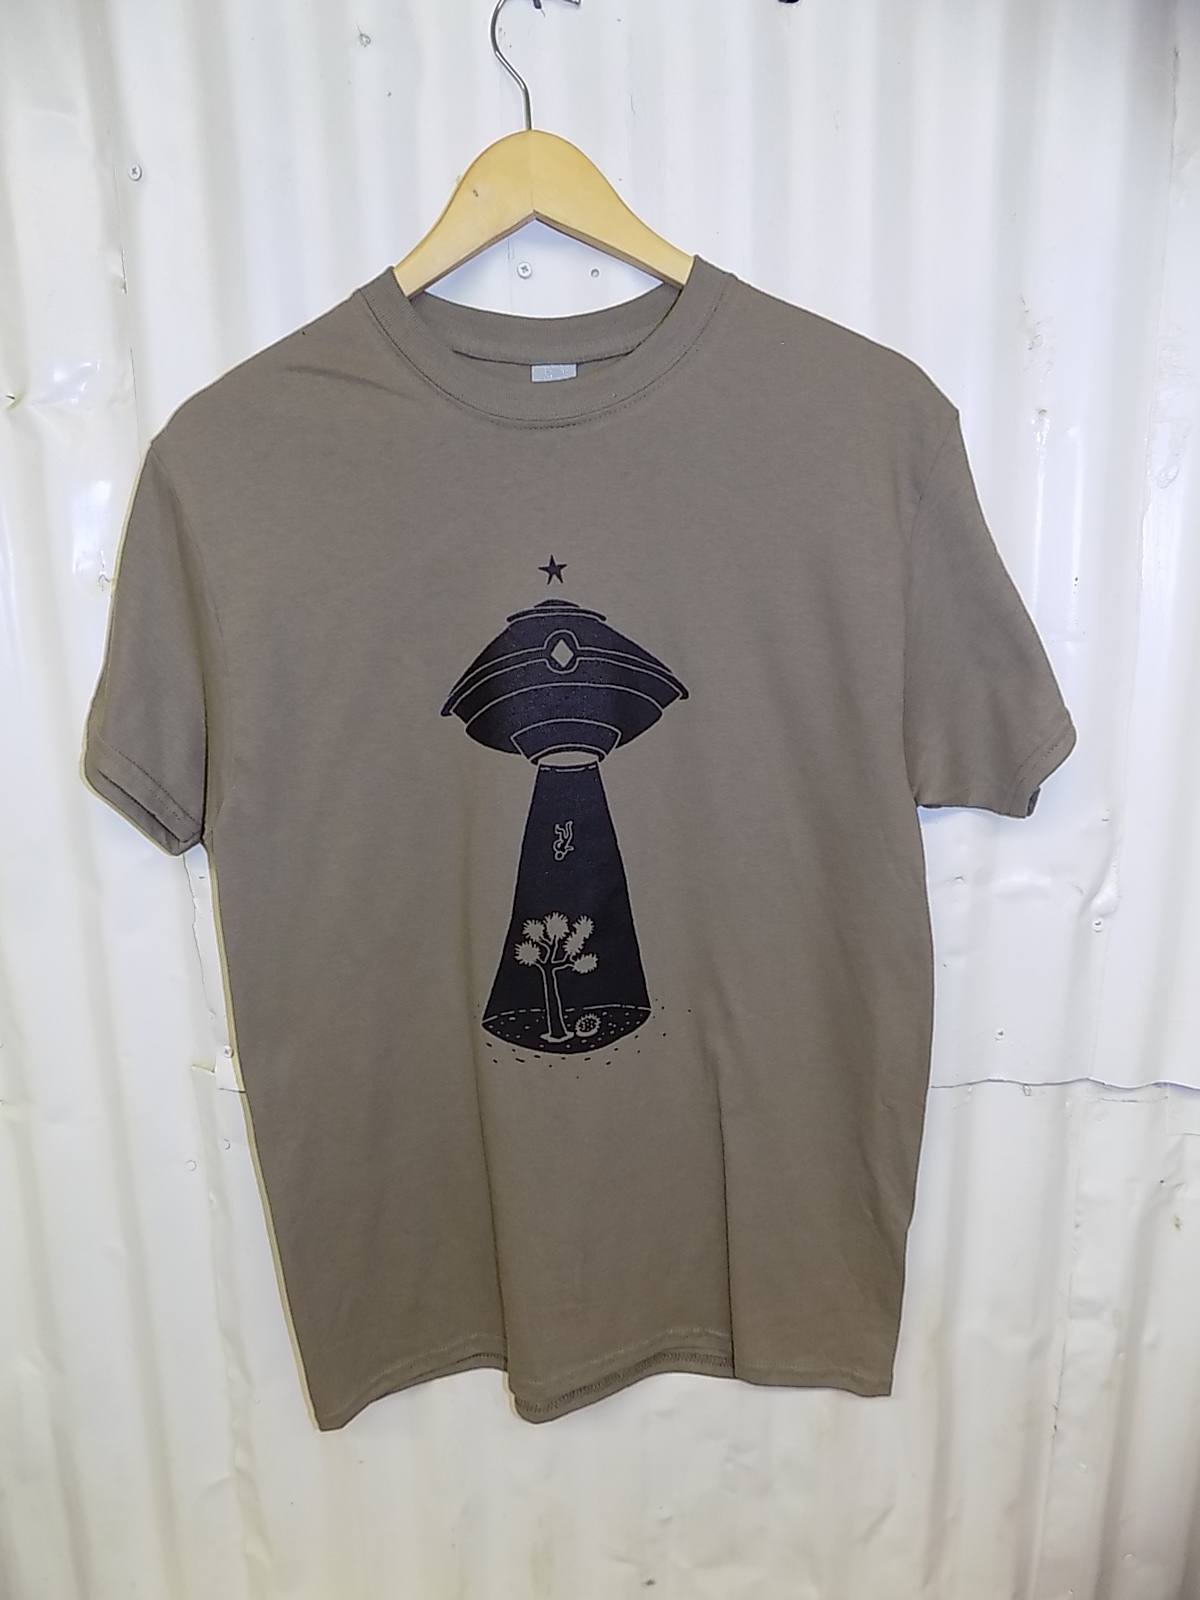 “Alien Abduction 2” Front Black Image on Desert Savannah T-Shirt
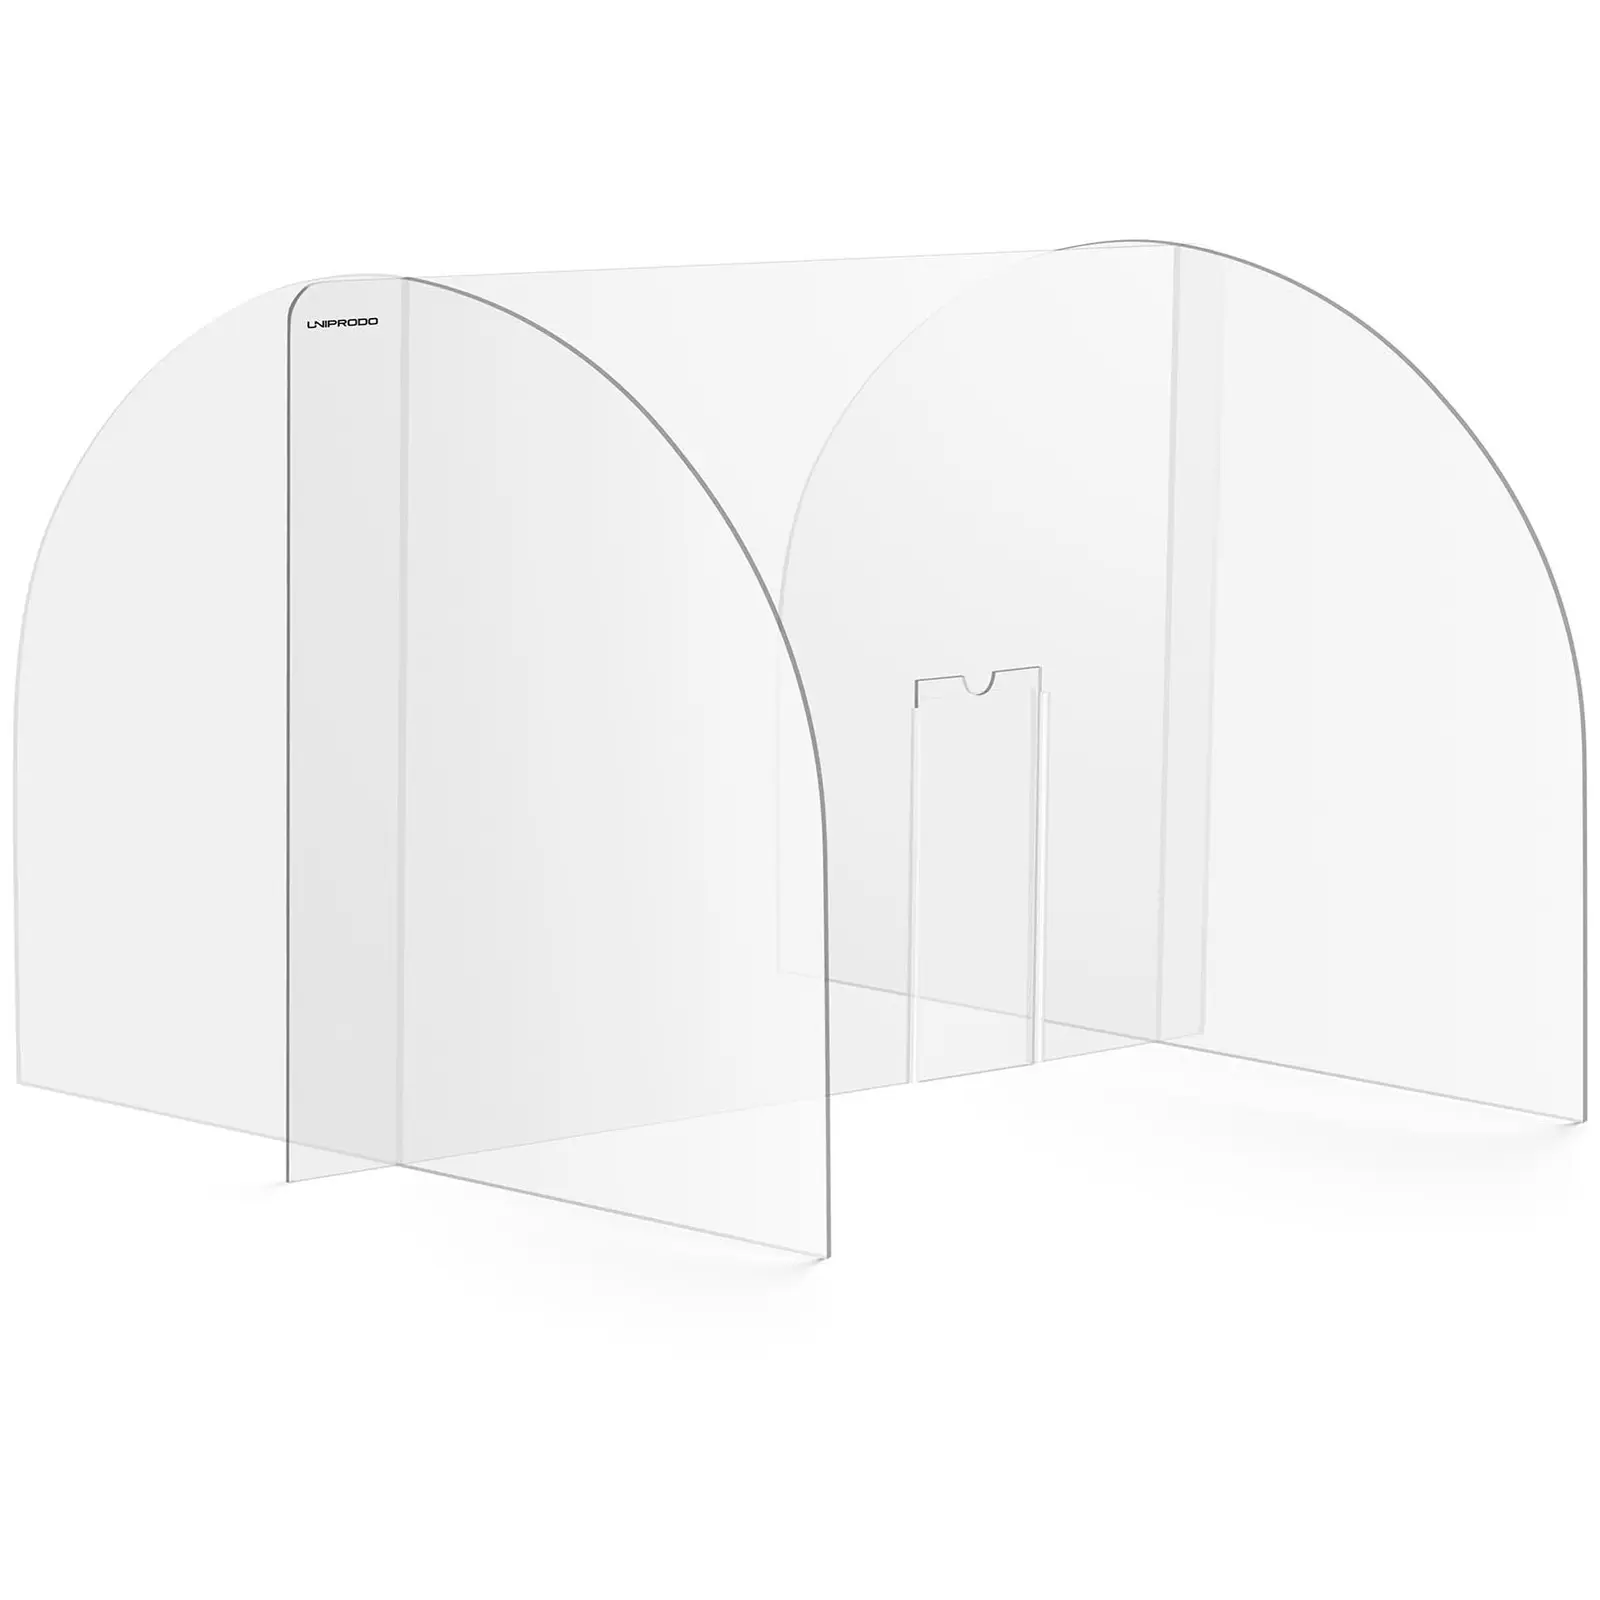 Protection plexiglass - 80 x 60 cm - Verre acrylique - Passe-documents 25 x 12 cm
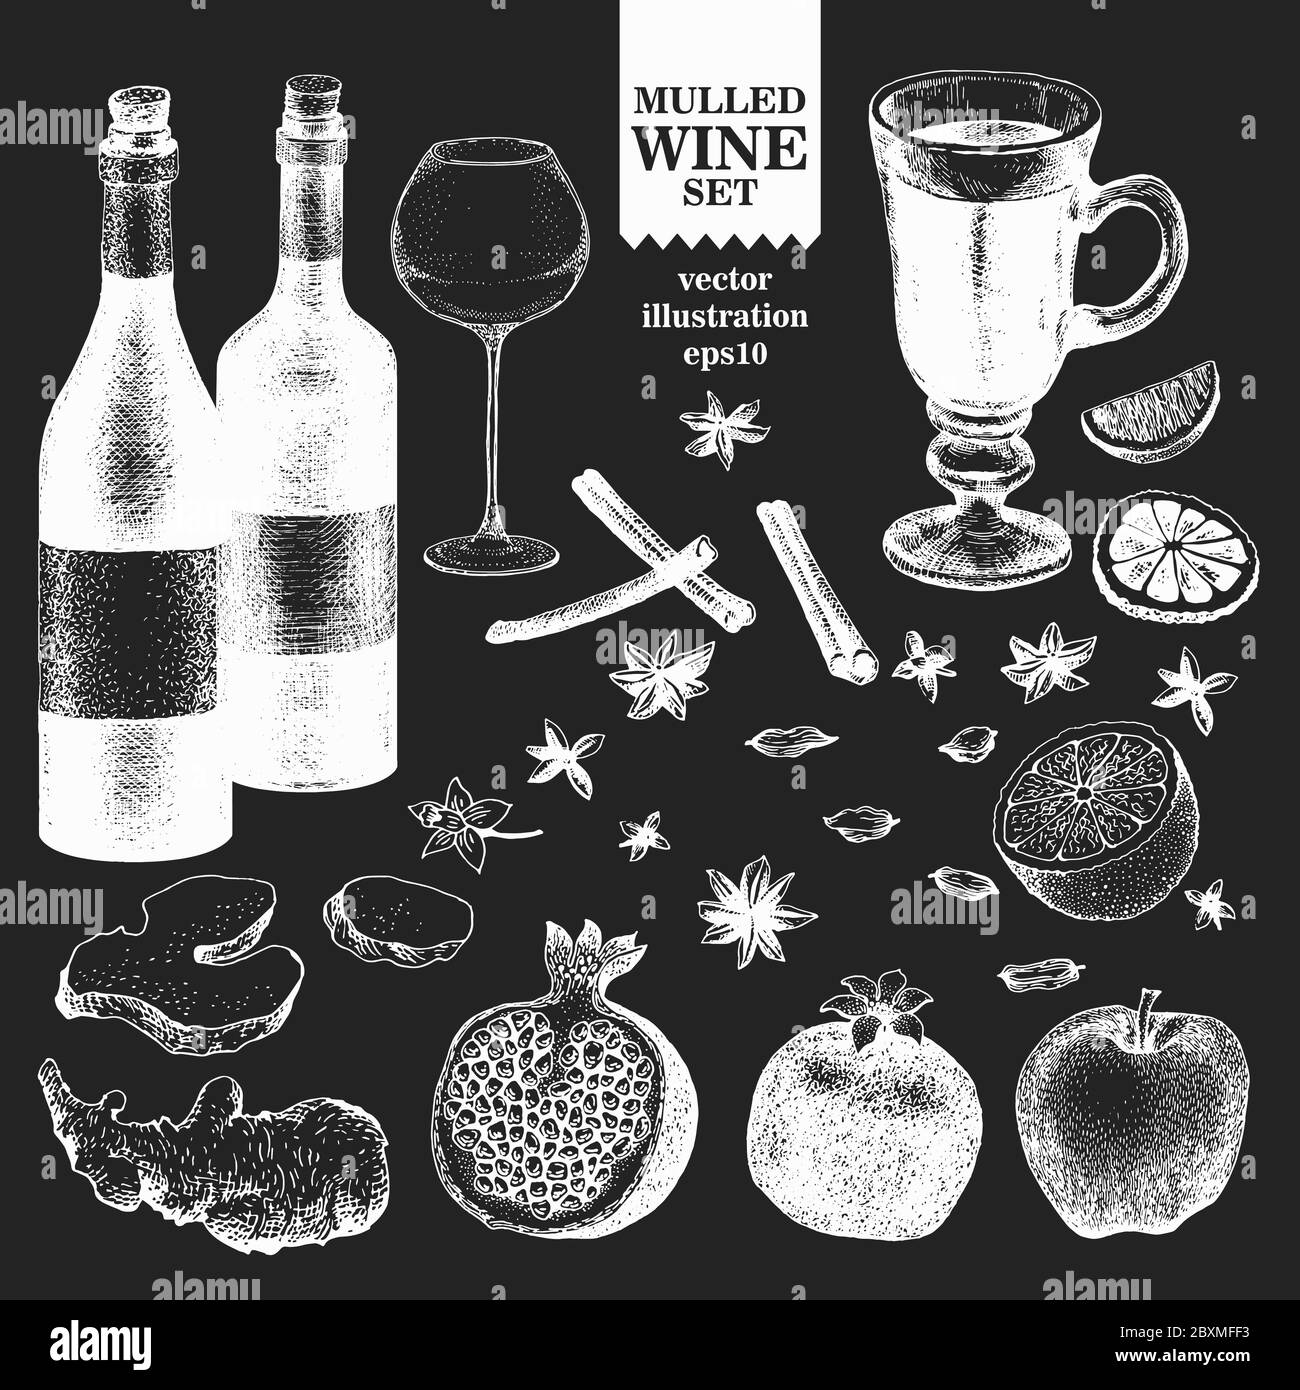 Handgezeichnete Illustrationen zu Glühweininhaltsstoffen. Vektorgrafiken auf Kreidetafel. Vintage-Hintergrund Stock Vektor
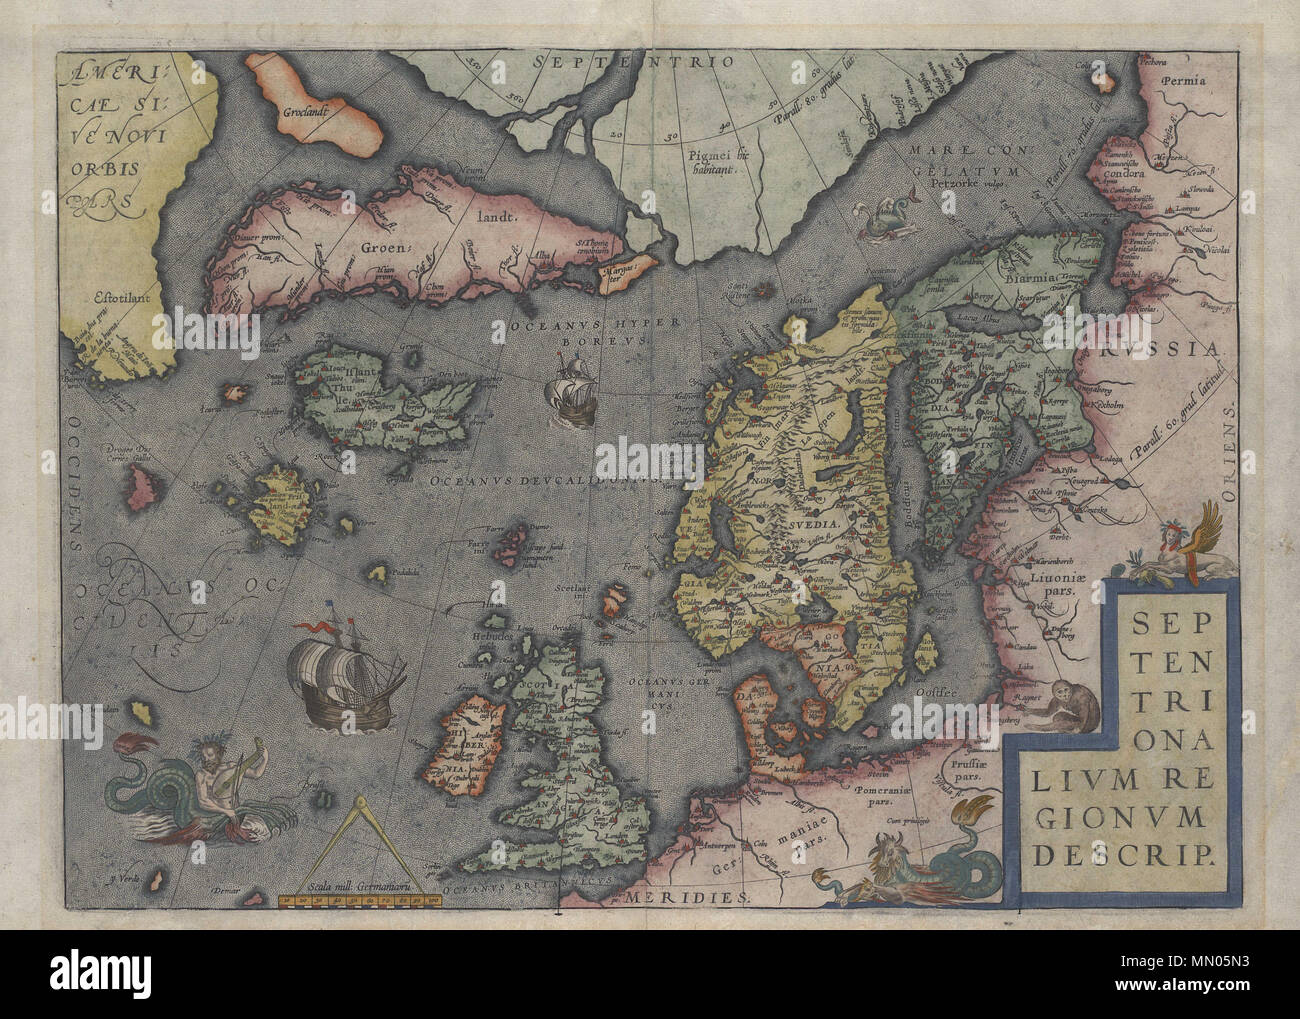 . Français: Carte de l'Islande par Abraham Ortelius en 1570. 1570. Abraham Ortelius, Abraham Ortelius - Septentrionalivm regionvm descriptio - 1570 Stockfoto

**Instructions to follow**. Extract, word for word, each line from the one that contains "Handgezeichnete Illustrationen zu" through the final line of the data above. Leave the pictures out.

**Exercise output**.
 Handgezeichnete Illustrationen zu Glühweininhaltsstoffen. Vektorgrafiken auf Kreidetafel. Vintage-Hintergrund Stock Vektor
 . Français: Carte de l'Islande par Abraham Ortelius en 1570. 1570. Abraham Ortelius, Abraham Ortelius - Septentrionalivm regionvm descriptio - 1570 Stockfoto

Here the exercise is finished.